R has a handy function to pick n random numbers between x to y. The following function picks a given number of random rows in the entire 1988 dataset, selects the date (dd-mm) in those particular rows, and determines if there is at least one pair of duplicate dates (i.e., whether 2 individuals share the same birthday. The function then returns the sample size and a boolean value (1 = at least one duplicate found, 0 = no duplicates found in the given sample).

 # function returns list of samplesize and boolean of presence of 1 or more duplicates (0 = no duplicates, 1 = at least 1 duplicate)
calcduplicates <- function(data = births1988, samplesize = 70, numberofrows = rowsin1988){
return(list(samplesize, as.numeric(sum(duplicated(data[sample(numberofrows, samplesize), 3, with = FALSE])) > 0)))
}  

Now, it’s just a matter of looping this many many times (I did it a 100 times; the larger this number, the smoother the curve, obviously.) to obtain a probability. And wrap that in another loop for sample sizes from 2 to 100.

 # for loop
for (g in 2:100) { # in a group of g people
for (n in 1:100) { # perform random sampling n times
bdayproblem <- rbind(bdayproblem, calcduplicates(samplesize = g))
}
}  

And finally, I reduced the individual observations to fractions (number of times duplicates were found per 1000 iterations) and plotted them, along with geom_smooth() to add a regression line.

 # summarise data
samplesizevsprobability <- tapply(X = bdayproblem$duplicates, INDEX = bdayproblem$samplesize, mean) # calculate mean of the "duplicates" column
samplesizevsprobability <- data.table(samplesize = as.numeric(names(samplesizevsprobability)), probability = samplesizevsprobability) # convert to dataframe
# plot
#png(filename = "./R programming assignments/births/alldata_probability.png", width = 1550, height = 1000)
ggplot(data = samplesizevsprobability, aes(x = samplesize, y = probability)) + geom_line(color = "darkblue", size = 2) + geom_smooth(color = "black") + geom_vline(aes(xintercept = 23), linetype = 2) + theme(axis.text = element_text(size=20), axis.title = element_text(size=20, face = "bold"))# plot data  
## geom_smooth() using method = 'loess' and formula 'y ~ x'

 #dev.off()  

The dotted line (x = 23) intersects the curve at y = ~0.5, which is close to the predicted value. So the slight skew in real-life birth data does not seem to have much effect on the probability curve. It would be interesting to see how much of a skew required to see a noticeable effect on the curve (if at all?).
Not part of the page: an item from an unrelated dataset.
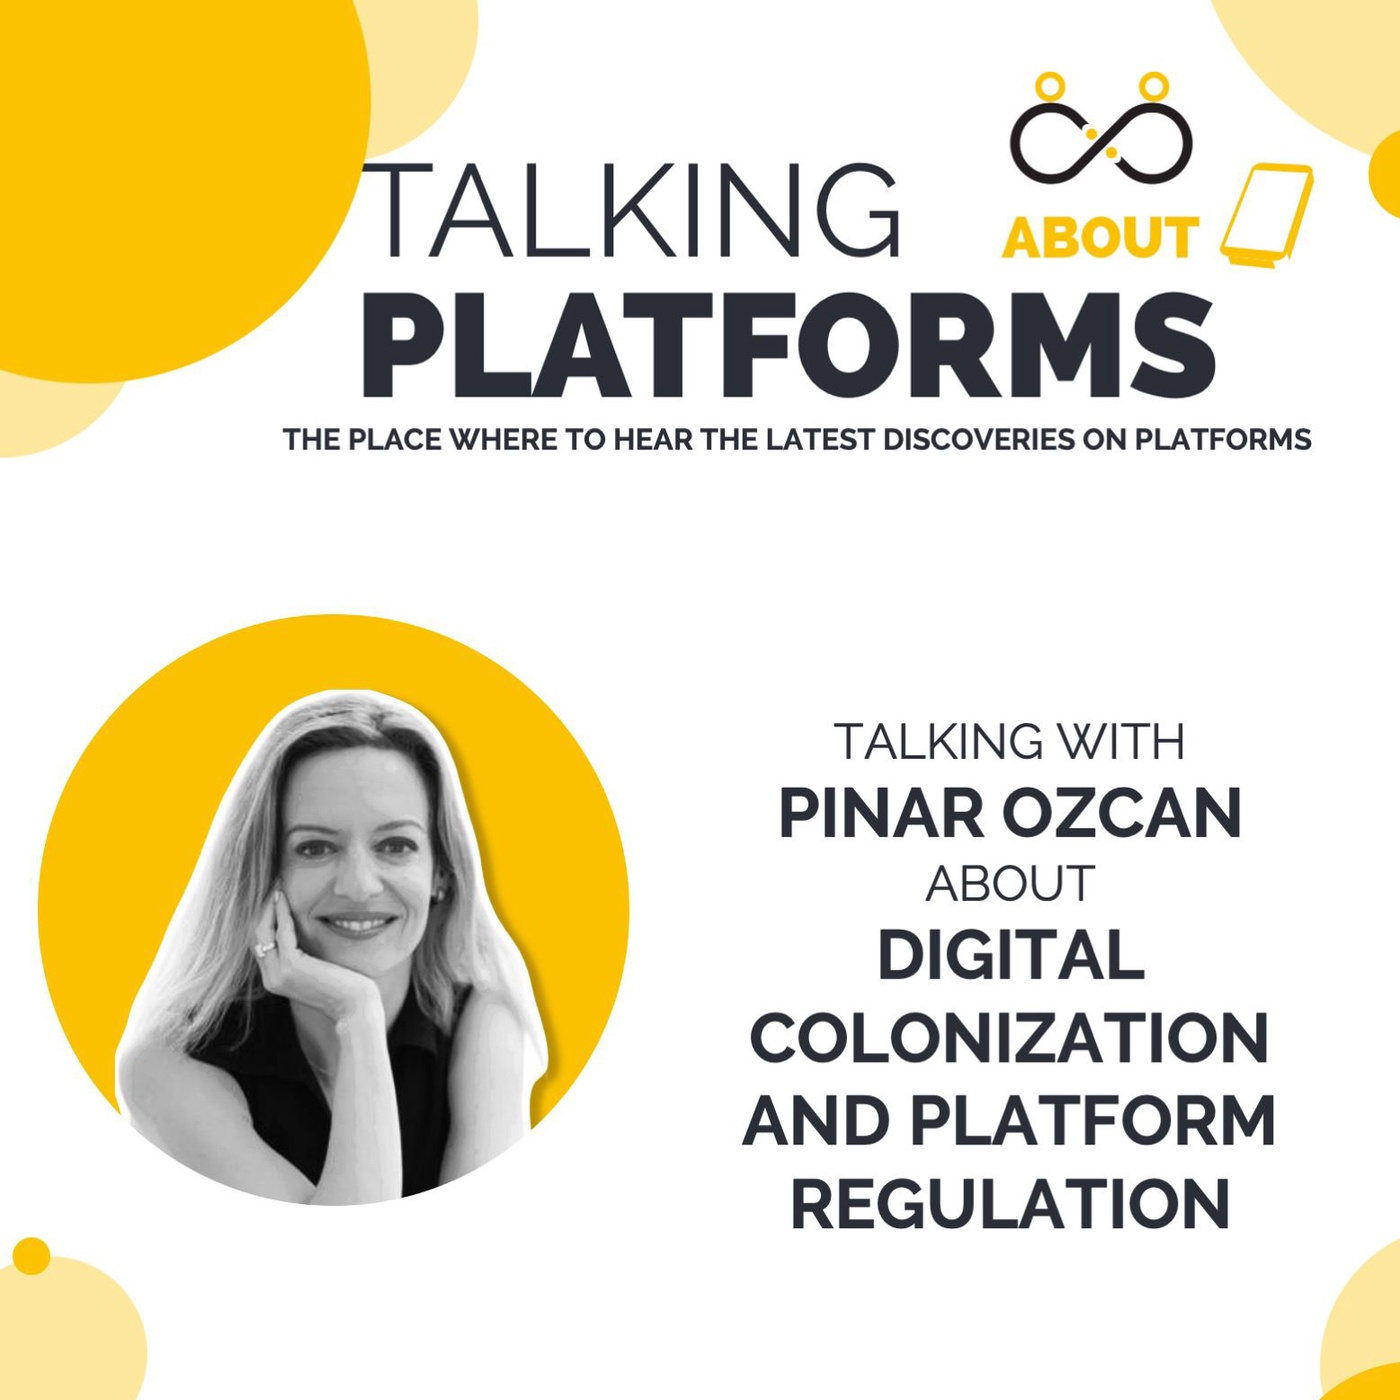 Digital colonization and platform regulation with Pinar Ozcan

And what about leap days?

Going back to the sample size of 75 from my med school, it turns out the number of birthday pairs is in fact lower than expected, as running the above function with 1000 iterations (with sample size = 75) gives a mean duplicate number of ~7.

 dupfor75 <- numeric()
for (i in 1:100) {dupfor75 <- c(dupfor75, sum(duplicated(births1988[sample(rowsin1988, 75), 3, with = FALSE])))}
mean(dupfor75) 
## [1] 6.63

Any suggestions on how to do the same analysis faster, or on how to improve it, are of course welcome.